Mama Clare couldn’t stop her tears. She hugged him, not caring a bit about how dirty he was or the odour of a kid who never bathed. She embarked him in the car. As she wasn’t living in Rwanda, she took him to a friend’s home in the neighbourhood of Gikondo. It was the first house the boy had ever been invited to enter since he roamed the streets of the capital. Clare asked her friend to help the little boy get an education.
“I will send money to pay for school fees, school materials, uniform, shoes, anything he needs.”
She kept her word and supported his education all the way till he finished high school and enrolled in University. The name of the street kid was Justus Uwayesu and he has just graduated from the most prestigious University in the world, magna cum laude!
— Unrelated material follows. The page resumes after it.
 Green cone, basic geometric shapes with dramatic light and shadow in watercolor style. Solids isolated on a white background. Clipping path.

I won’t tell you more, you must read the story I wrote about him, “Invisible children do have dreams too”, it will blow your mind!
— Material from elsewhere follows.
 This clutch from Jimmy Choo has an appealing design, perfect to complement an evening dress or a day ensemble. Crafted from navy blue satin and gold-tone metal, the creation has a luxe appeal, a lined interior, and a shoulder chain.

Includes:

Over the years, her orphanage grew as more kids were referred to them. Though she knew this was more than they could have ever expected, Mama Clare had come to realise that it wasn’t enough to give kids a place to sleep and eat, one also had to take care of their minds. She therefore decided to open a school so she could equip them with the necessary skills to live successful lives.
“Every child has potential. When I see any child, all I see is the future of that child.”
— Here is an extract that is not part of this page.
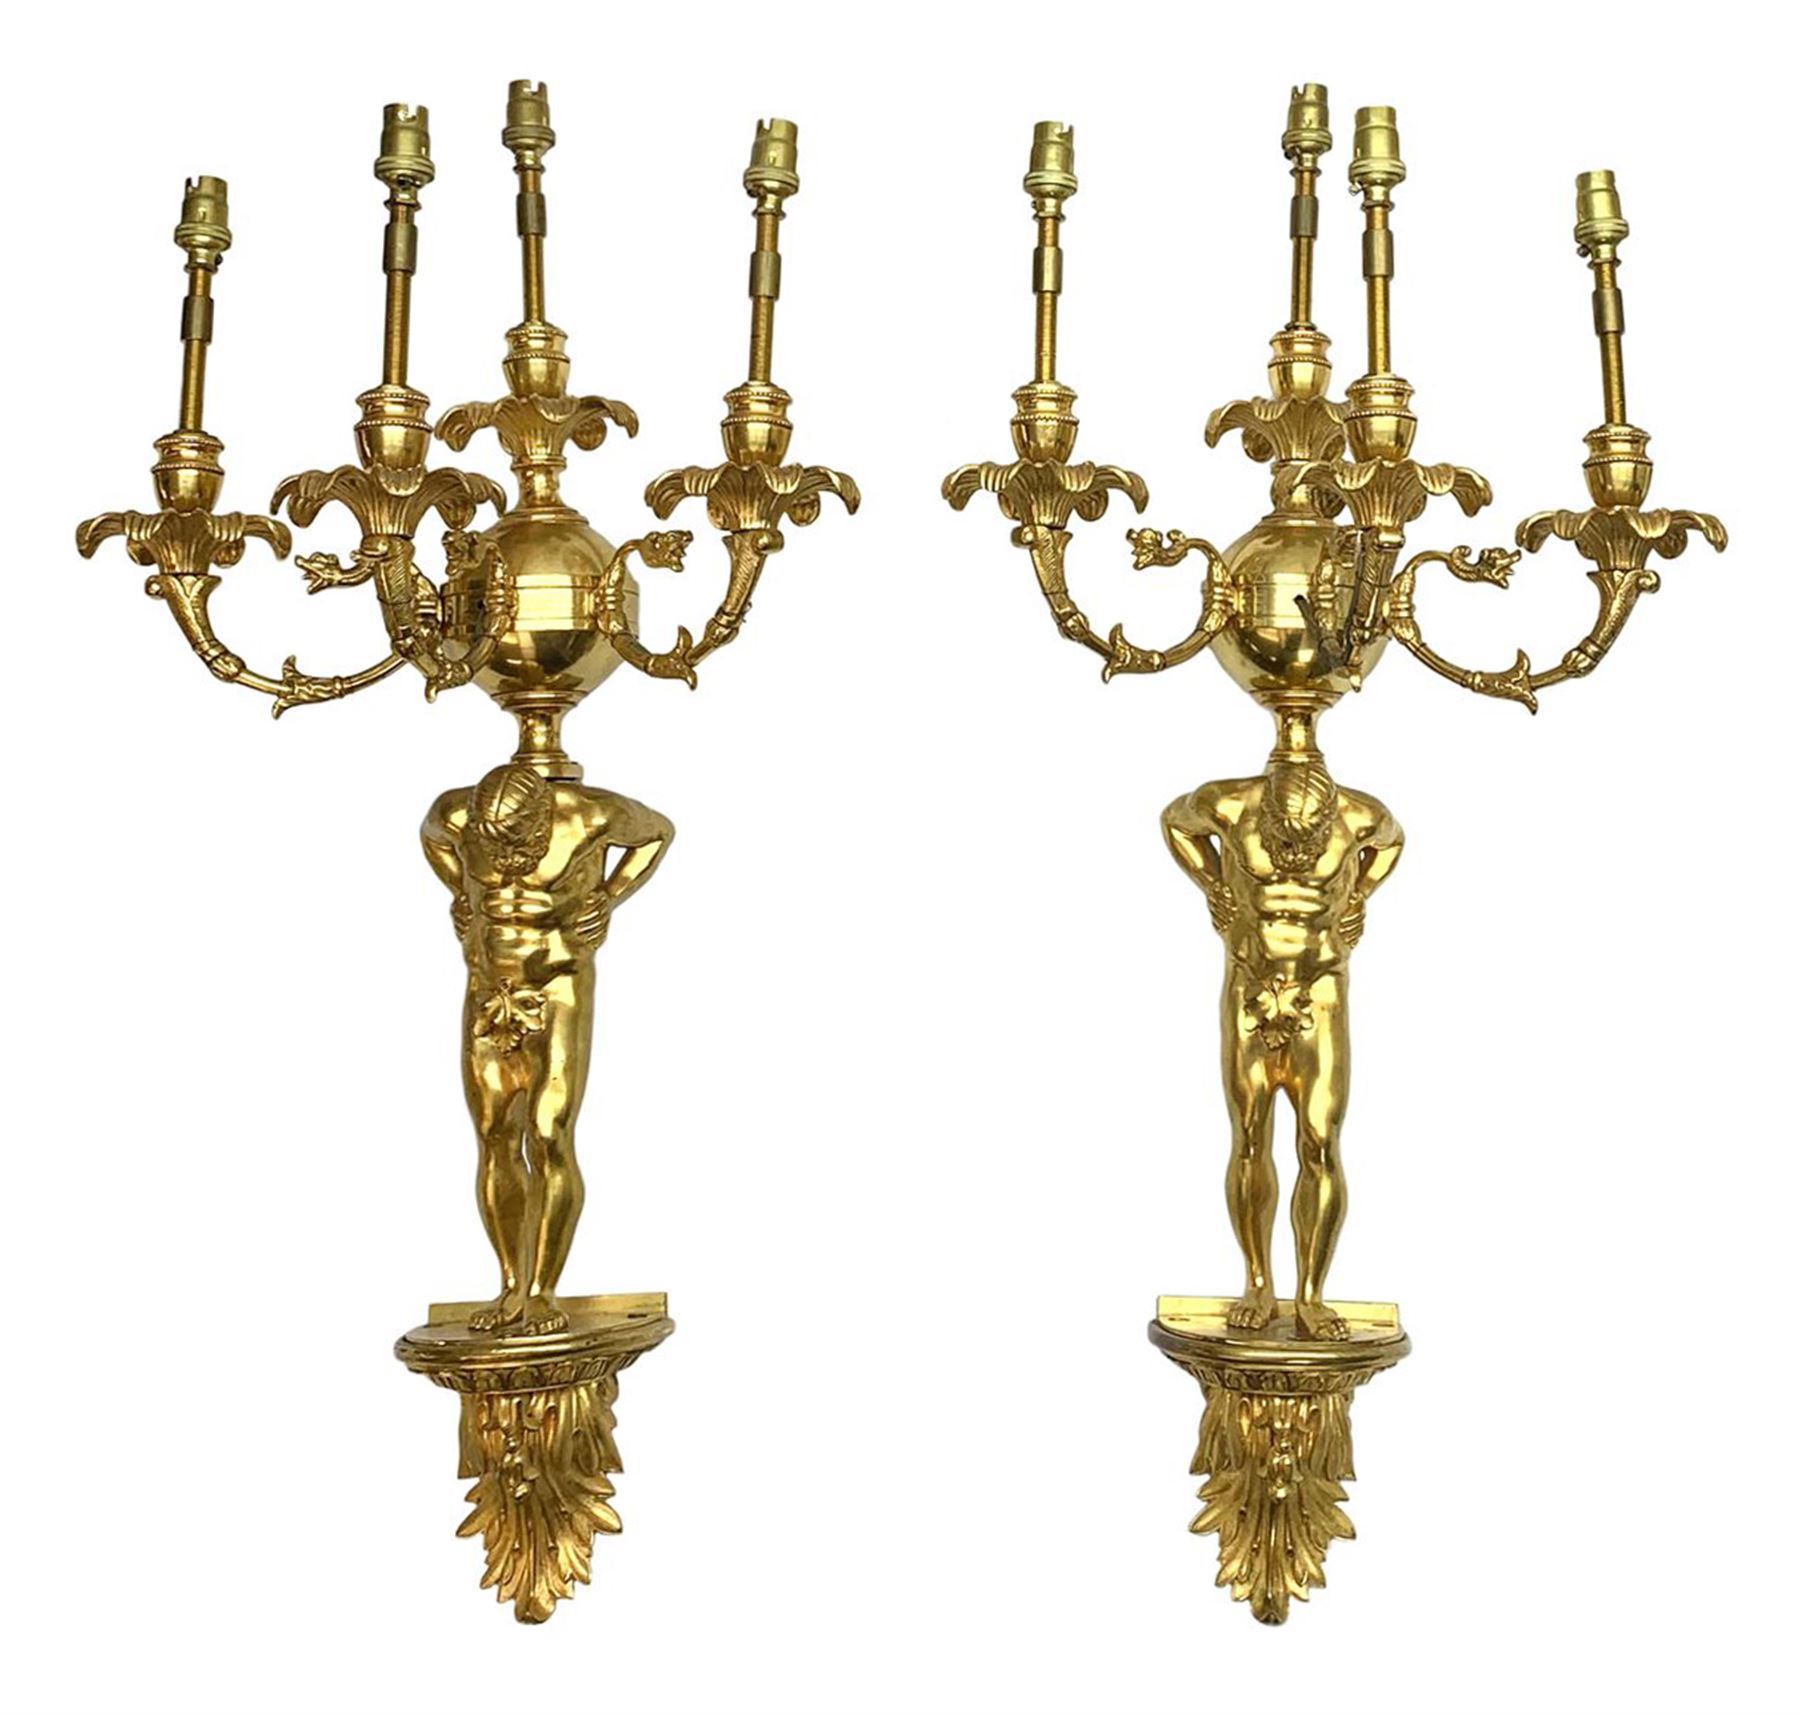 Pair of 19th century and later ormolu wall sconces

Esther’s primary school later expanded to include a full-fledged vocational training wing for young men, young girls and young women interested in pursuing careers in the fields of culinary arts, sewing and design. The 13-month certification training program provides them with a start-up kit to start a business.
Esther Aid’s also conducts community programs, especially to raise awareness on HIV/AIDS and support youth and women infected with the disease. More recently, the Non-Profit organisation has started doing important work with victims of sex trafficking, an evil trade that too often targets helpless children and youth.
You can easily guess that the dreams of this tireless woman were not going to fit in the compound she was leasing in one of Kigali’s neighbourhoods. Well, in 2010, Mama Clare decided to buy a piece of land – almost five acres – so she could build a whole campus for her kids! Her project is called “the Village of Peace”, a sustainable space that will have dormitories, classrooms, a cafeteria, a computer lab, an auditorium, a Community Center, a Library and a medical clinic amongst other facilities. Once completed, the Village of Peace will be home to Esther’s Aid in Kigali and will house all their programs. They will also have an emergency housing and treatment for the survivors of sex trafficking.
A group of American engineers who were seduced by the project, travelled all the way to Rwanda to help her design the village of her dreams. For free! Construction is on its way and Esther Aid has an ongoing fundraising campaign to help them complete construction by the end of this year. A worthy cause, wouldn’t you say?
A couple months ago, Esther’s Aid held its 13th Graduation for a cheerful and enthusiastic 280 students, three times more than the previous year!
“We’re able to help them go from hopelessness to hope. We bring them from the dust to the palace. It is only in the giving of oneself to others that we truly live.”
In the 18 years since they started working in Rwanda, Esther’s Aid has helped feed, clothe, shelter and educate more than 8,000 children, allowing them to confidently prepare for better futures.
“God gave us the ability to do it. The moment you touch the youth, you touch the nation.“
Rightly said!
Right Your Legacy, Mama Clare, and thank you for your big heart, for choosing Rwanda and for offering a family and so much hope to so many hopeless children, young girls and women over the years.